The challenges of data management begin the moment data is collected. In the case of a large-scale streaming sensor network, do we save all the data–potentially billions of samples–or just time-windowed statistical summaries? What implications do these decisions have on our ability to use the data effectively in downstream analyses? In a high-throughput imaging experiment, how should the data be stored to be most effectively used by image processing software? In all cases, we wrestle with what metadata to record so that data is correctly interpreted and its provenance captured. Working effectively with data sets requires knowledge and understanding of databases and data management strategies.

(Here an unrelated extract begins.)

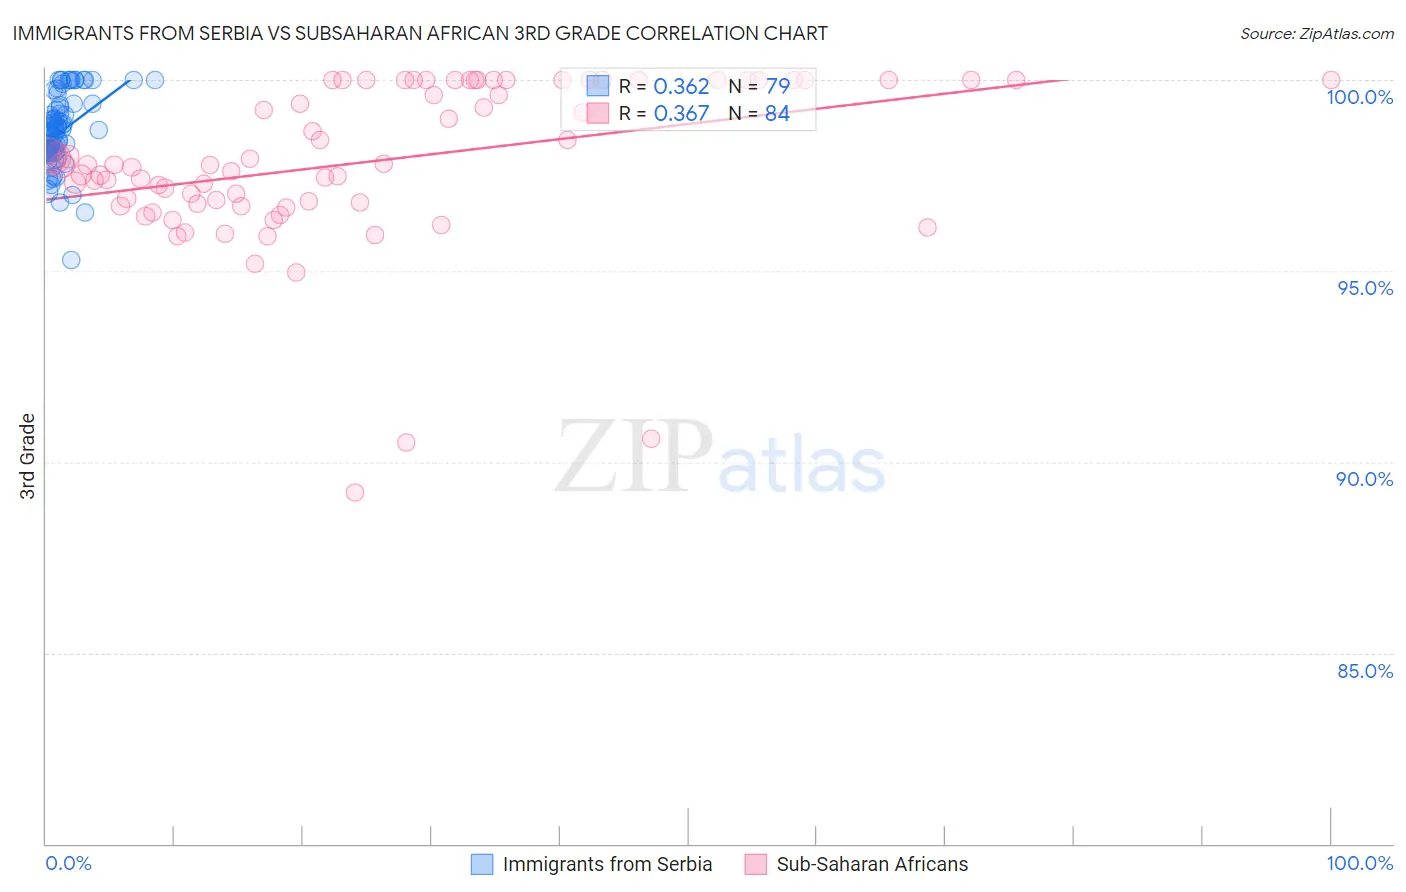 Immigrants from Serbia vs Subsaharan African 3rd Grade

Chemical engineering is an ideal environment to deploy Data Science methodologies. For example, chemical plants are highly automated settings in which sensor networks provide continuous streams of data. However, traditional model predictive control techniques often fail due to process complexity or a mismatch between the speed of computation and the response rate required for high performance. In such instances, Machine Learning methods can be used to learn process control rules with a high level of accuracy and millisecond run times.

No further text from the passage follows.